A bill that would make major changes to the ways banks and developers lend and borrow money is headed toward a potentially contentious showdown Tuesday at the state Capitol.
Senate Bill 448 breezed unanimously through the Senate but has run into objections in the House, where the Banks and Banking Committee will take testimony Tuesday. The bill would absolve, in some cases, borrowers of honoring personal guarantees they put down as collateral if their loan is sold to a third-party collection agency.
Developers, who typically sign personal guarantees to secure big loans from banks, support the measure, while bankers are becoming increasingly vocal that the bill is essentially a developer bailout.
Now, another vocal group has sided with the banks: the tea party.
The bill, Atlanta Tea Party Patriots leaders said in a "call to action" to supporters, "is an attempt at what amounts to a bailout for big money land developers who made millions off land speculation during the real estate boom, but now want to be retroactively [yes retroactively] absolved of their personal guarantees."
It continued: "While millions of Georgians are paying their debts during this hard economic time, while small businesses struggle to get loans, and while thousands of Georgians' homes are being foreclosed on, well-connected developers are seeking to be bailed out of their financial obligations ... ultimately at YOUR expense."

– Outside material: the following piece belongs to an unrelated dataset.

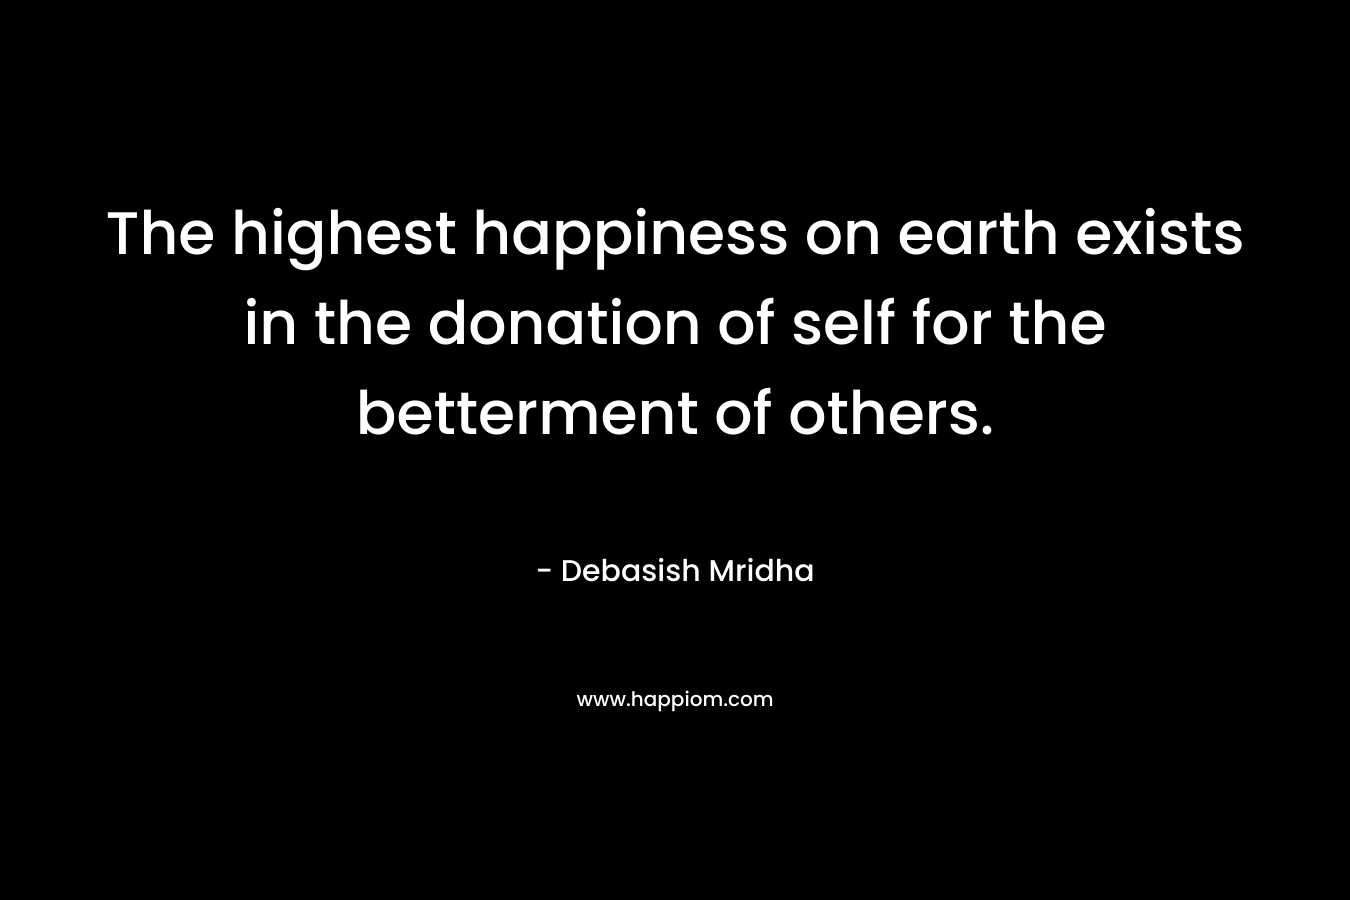 The highest happiness on earth exists in the donation of self for the betterment of others. – Debasish Mridha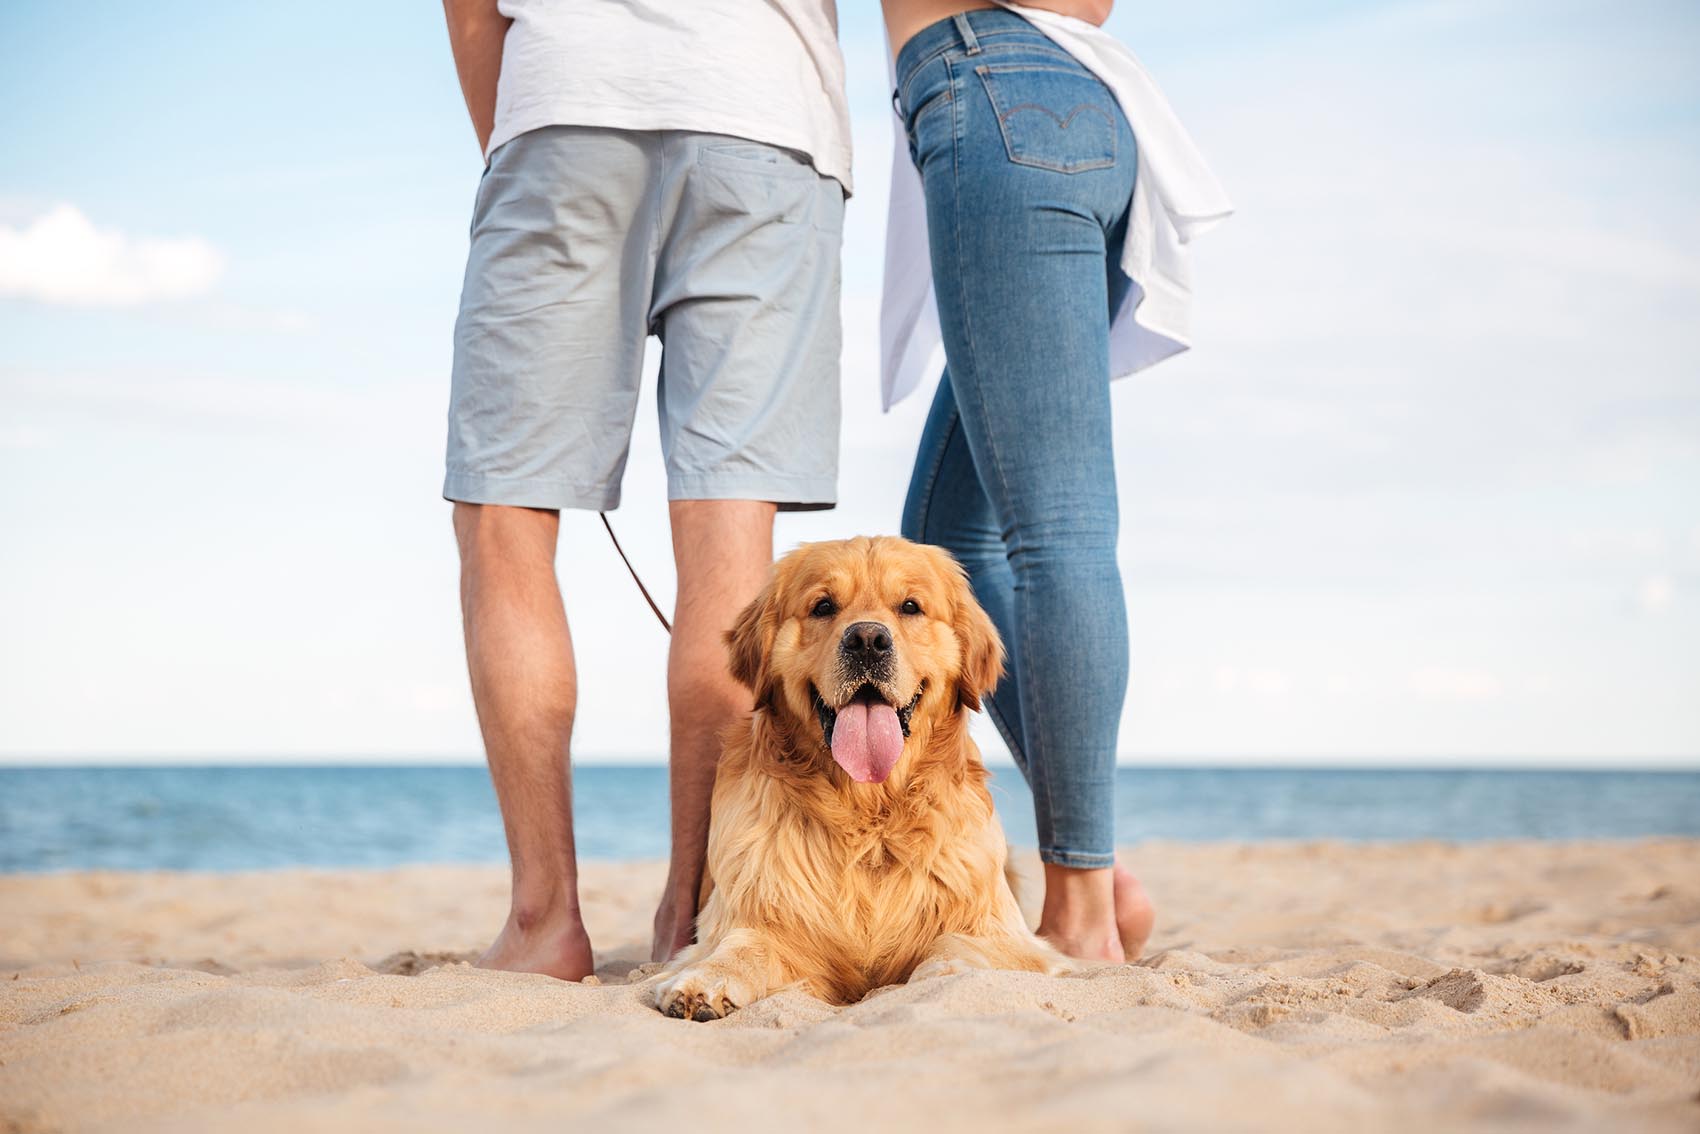 ALL DOGS GO TO CHARLESTON SC: A DOG FRIENDLY VACATION DESTINATION

But Sen. Don Balfour, R-Snellville, said the bill is necessary to protect borrowers in an era where banks are shedding loans even if the borrower is current on payments. With 60 percent of the state's banks under some sort of federal oversight, banks are more regularly selling loans to third-party collectors for pennies on a dollar rather than risk default and the expense of trying to recoup the investment.
Those third parties buy the loan at a great discount, but also currently get to sue the borrower for the personal guarantee. That's not fair, said Balfour, who sponsored SB 448. Say a third party buys a developer's $100,000 loan for 20 cents on a dollar, or $20,000. The developer's personal guarantee goes with the loan, and the third party then also sues the developer for the remaining $80,000 of the original loan.
"If I buy a discounted note, I don't know how I can sue him for any money, because no one required me to buy the note," Balfour said.
The bill limits third-party creditors from collecting more from the original borrower than what they paid. In the previous example, the third party could collect only $20,000 from the borrower.
Bankers, however, say the bill would further cripple the state's equity markets and make banks even more hesitant to lend money if personal guarantees become essentially meaningless.
"One can only hope that in its haste to react to some of the aftereffects of the financial system meltdown that the Georgia Senate did not adequately consider the unintended consequences of this bill," BankSouth CEO Harold Reynolds said in a letter to House Banks and Banking Committee Chairman Greg Morris, R-Vidalia.
Balfour said he supports efforts to tighten the bill's scope in the House and he will work with House leaders to make changes. Morris' committee will hear from both sides from 1 to 3 p.m. Tuesday in Room 406 of the Coverdell Legislative Office Building.
Staff writer Kristina Torres contributed to this article.